Information provided:

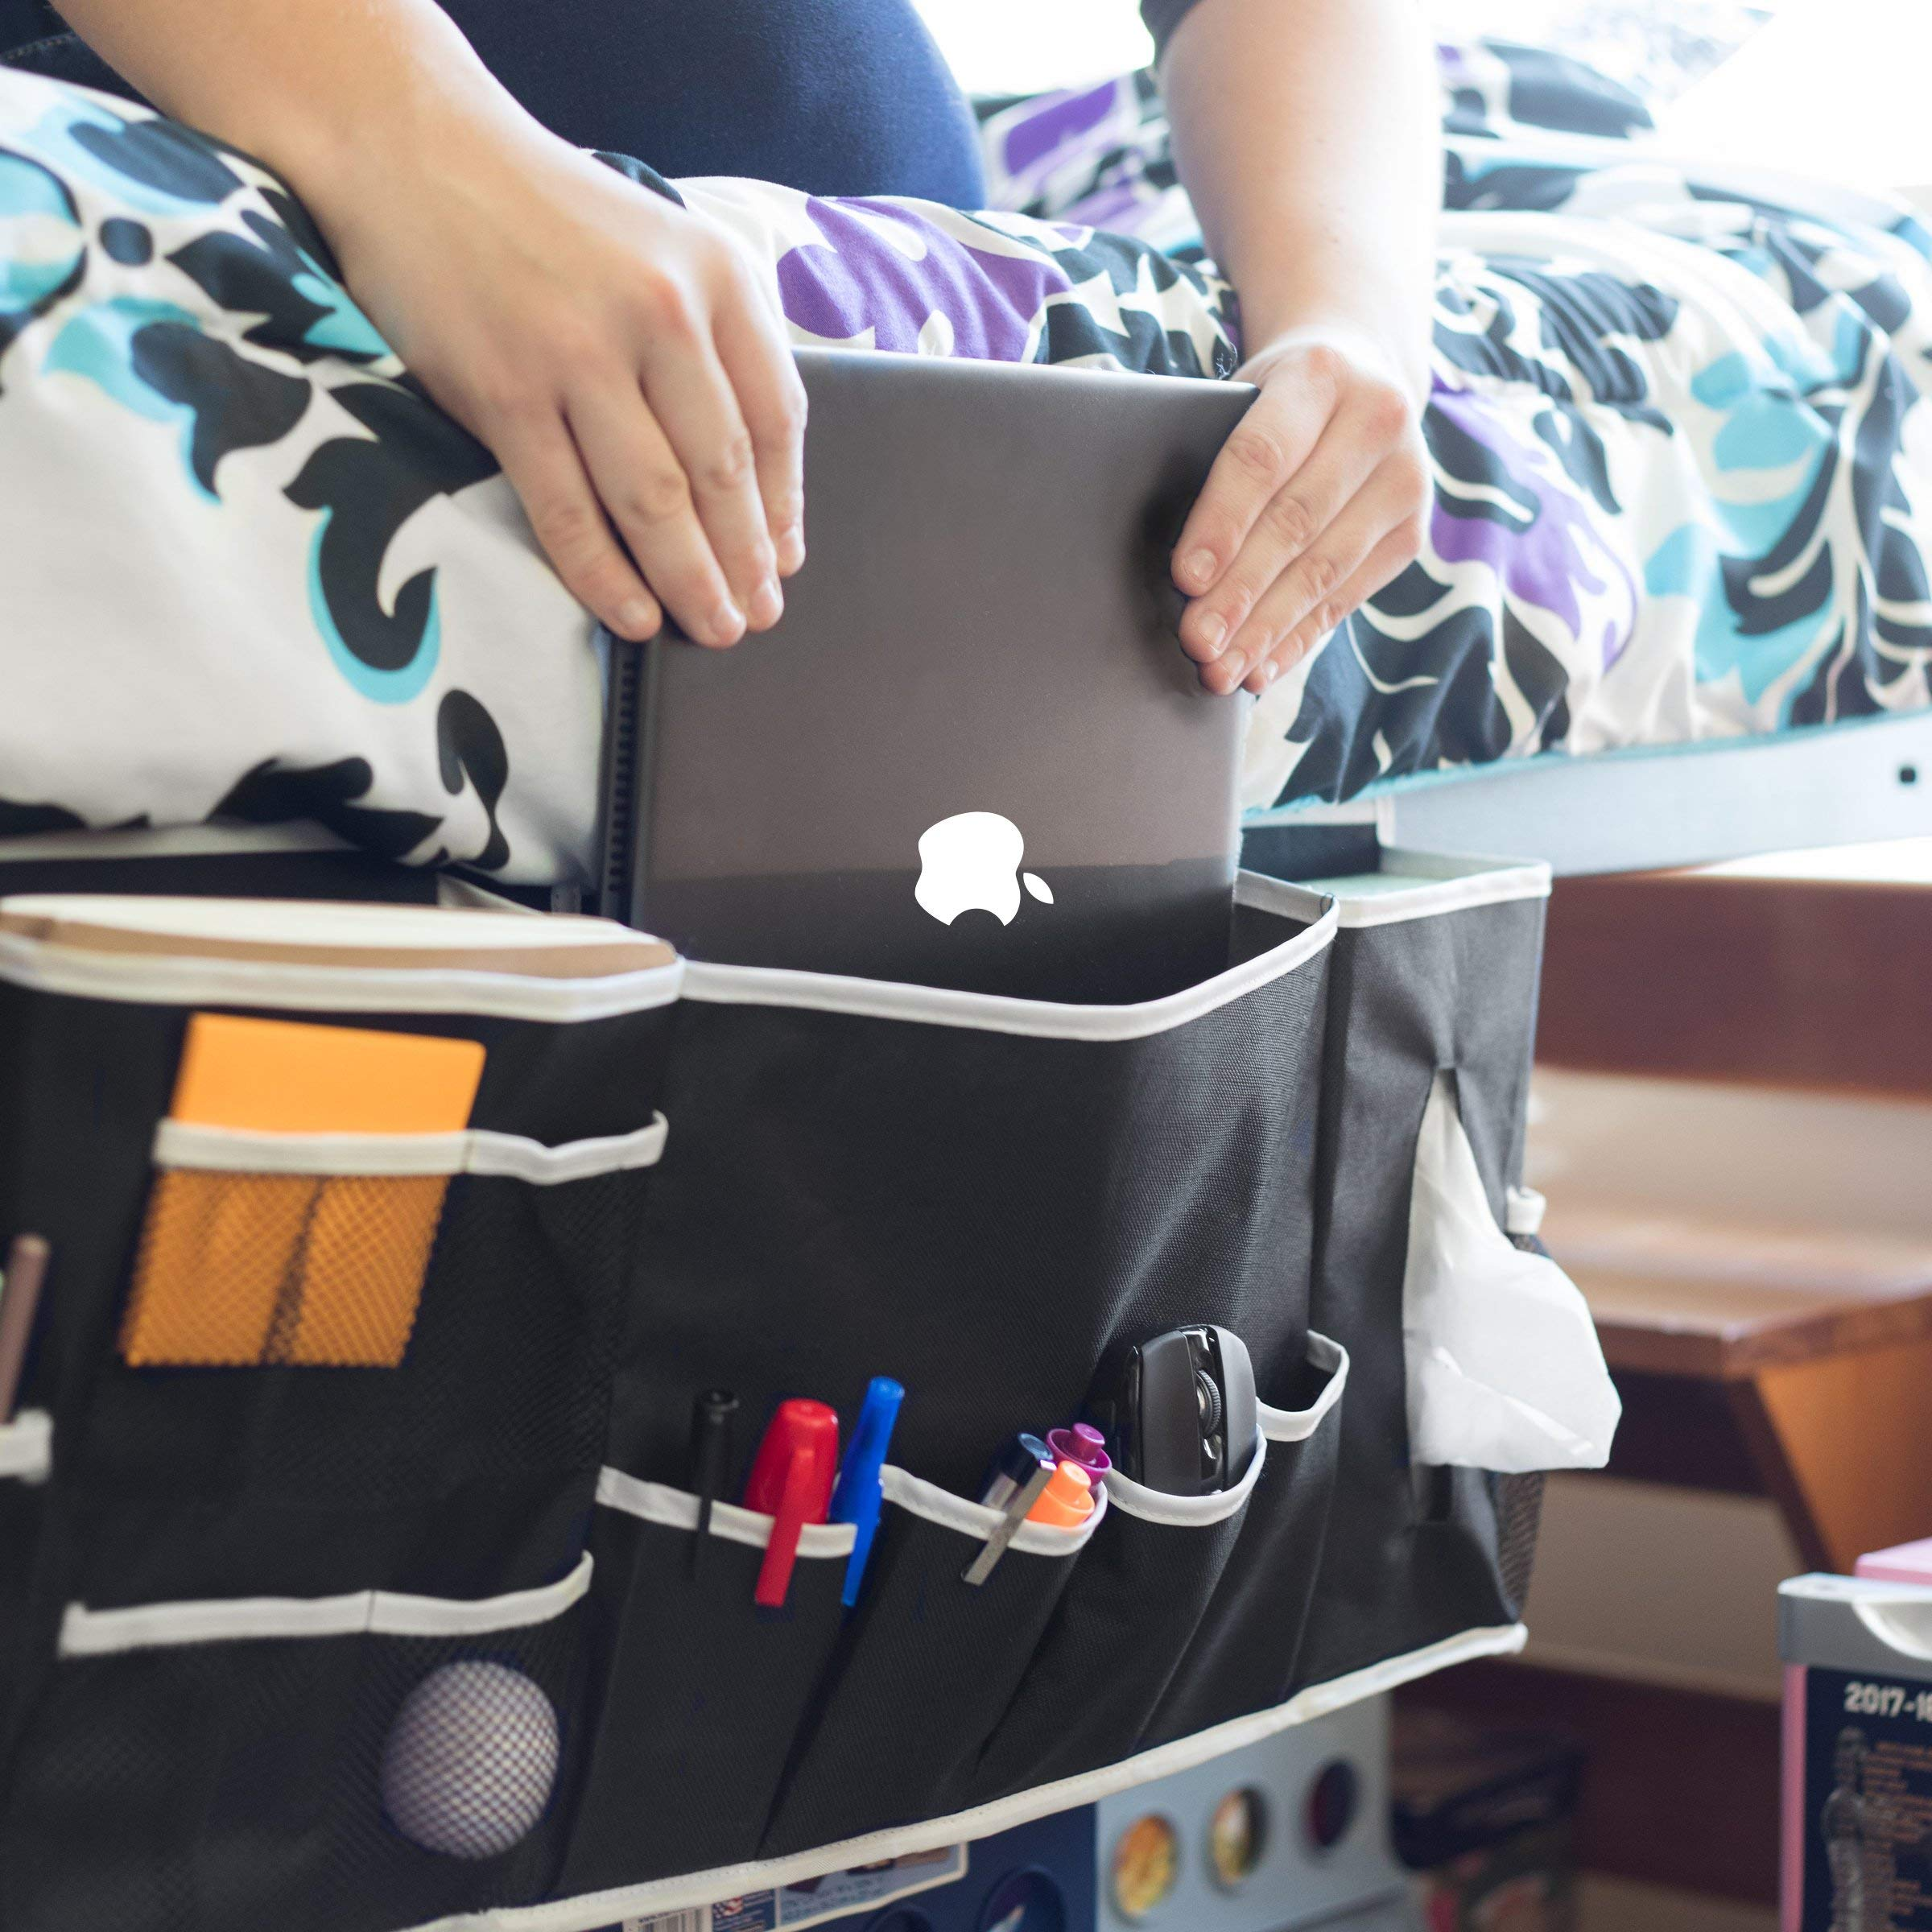 Kozy Designs Dorm Room Essentials Bedside Caddy Organizer
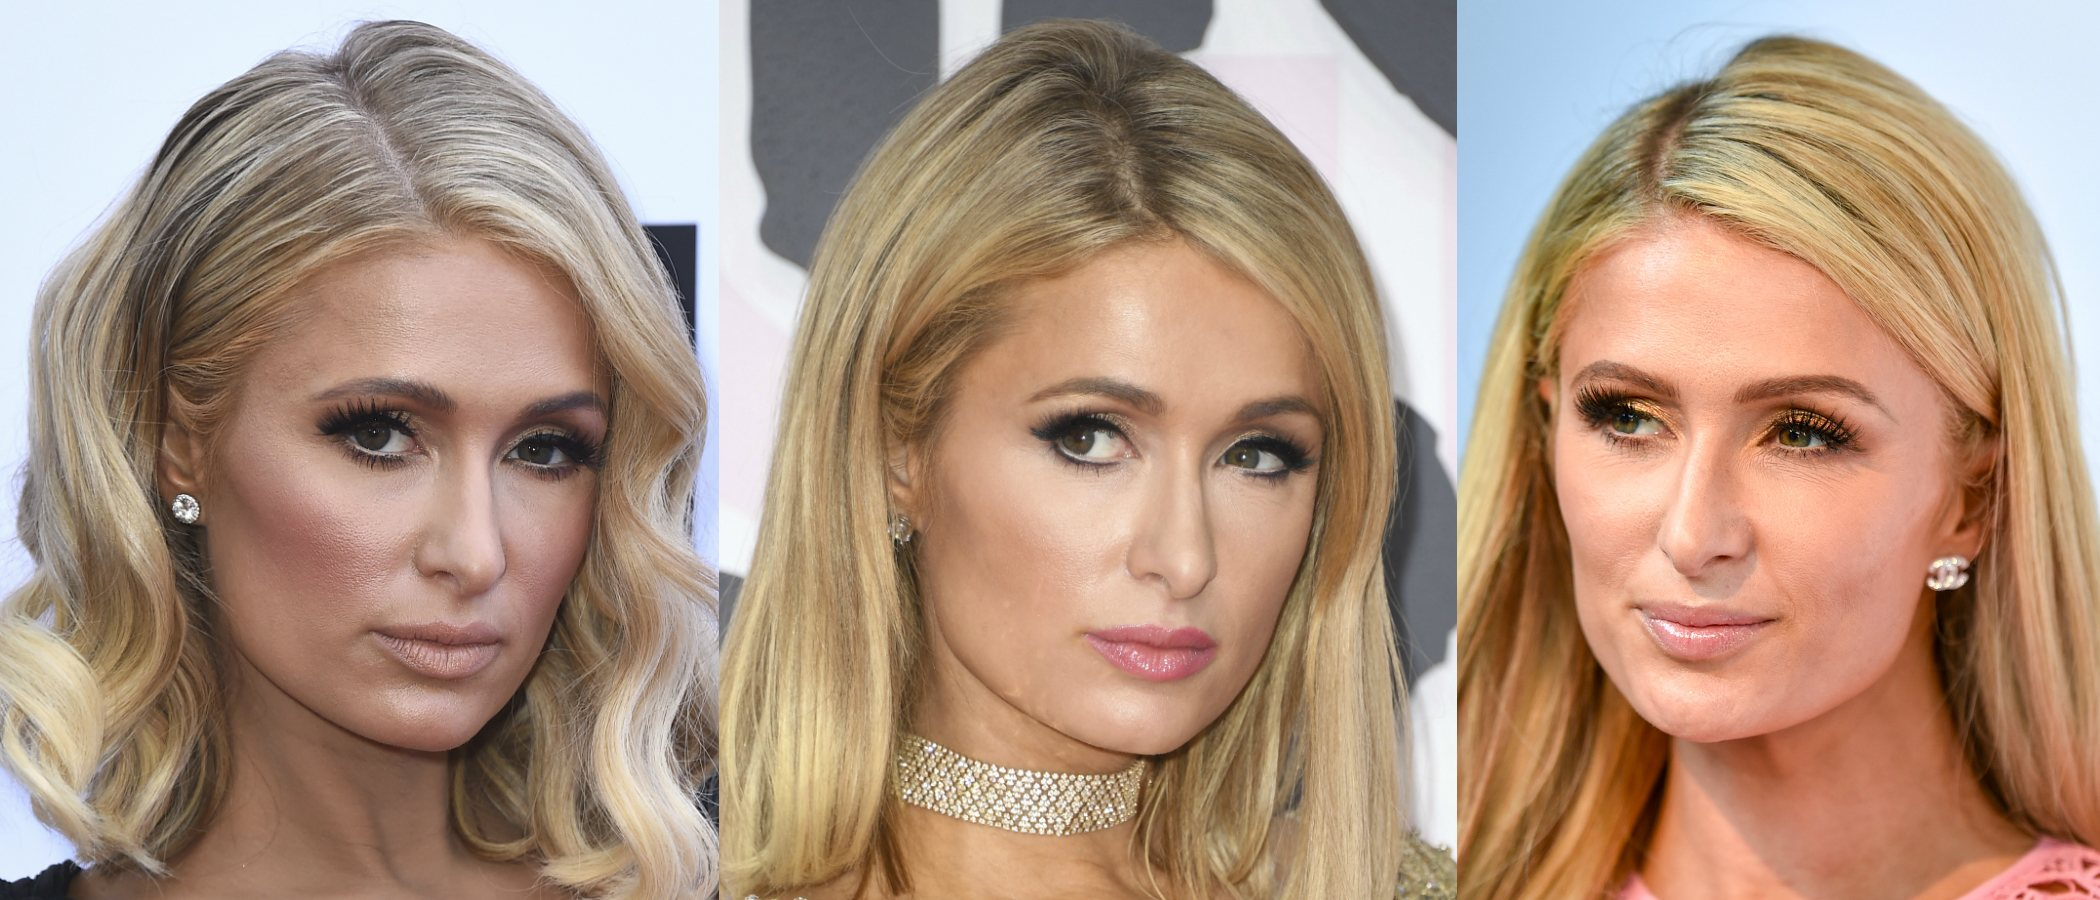 Maquíllate como Paris Hilton
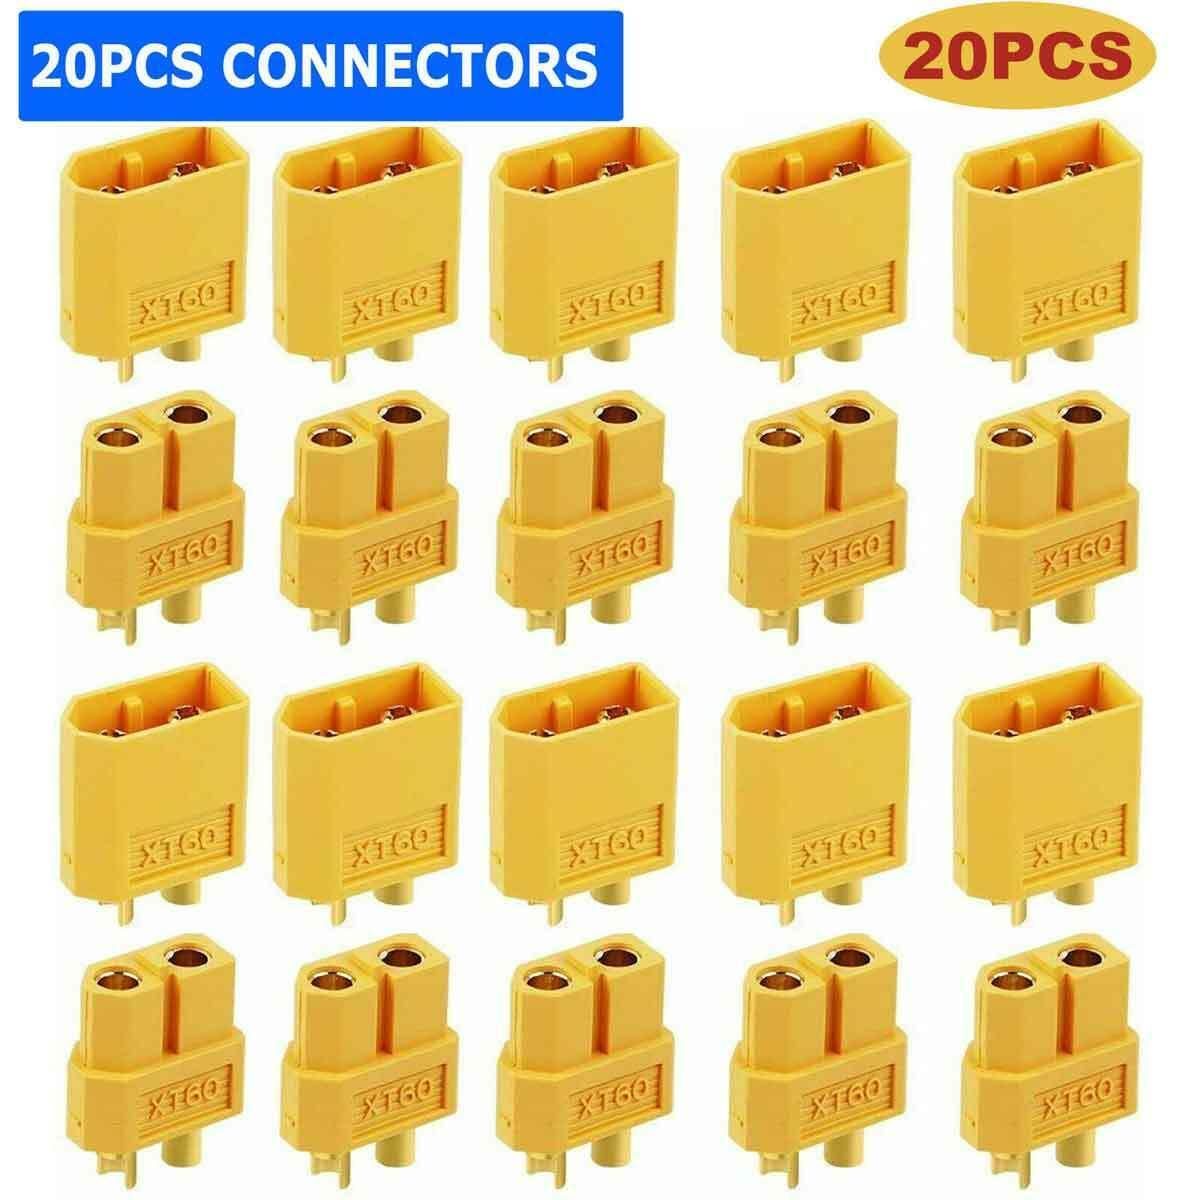 10Pairs XT-60 XT60 Male Female Bullet Connectors RC Lipo Power Plugs Nylon Other RC Parts & Accs

Task: Leave the pictures out, and please copy only the lines from the one with "Maquíllate como Paris Hilton" through the end of the listing.

Task result:
 Maquíllate como Paris Hilton
 10Pairs XT-60 XT60 Male Female Bullet Connectors RC Lipo Power Plugs Nylon Other RC Parts & Accs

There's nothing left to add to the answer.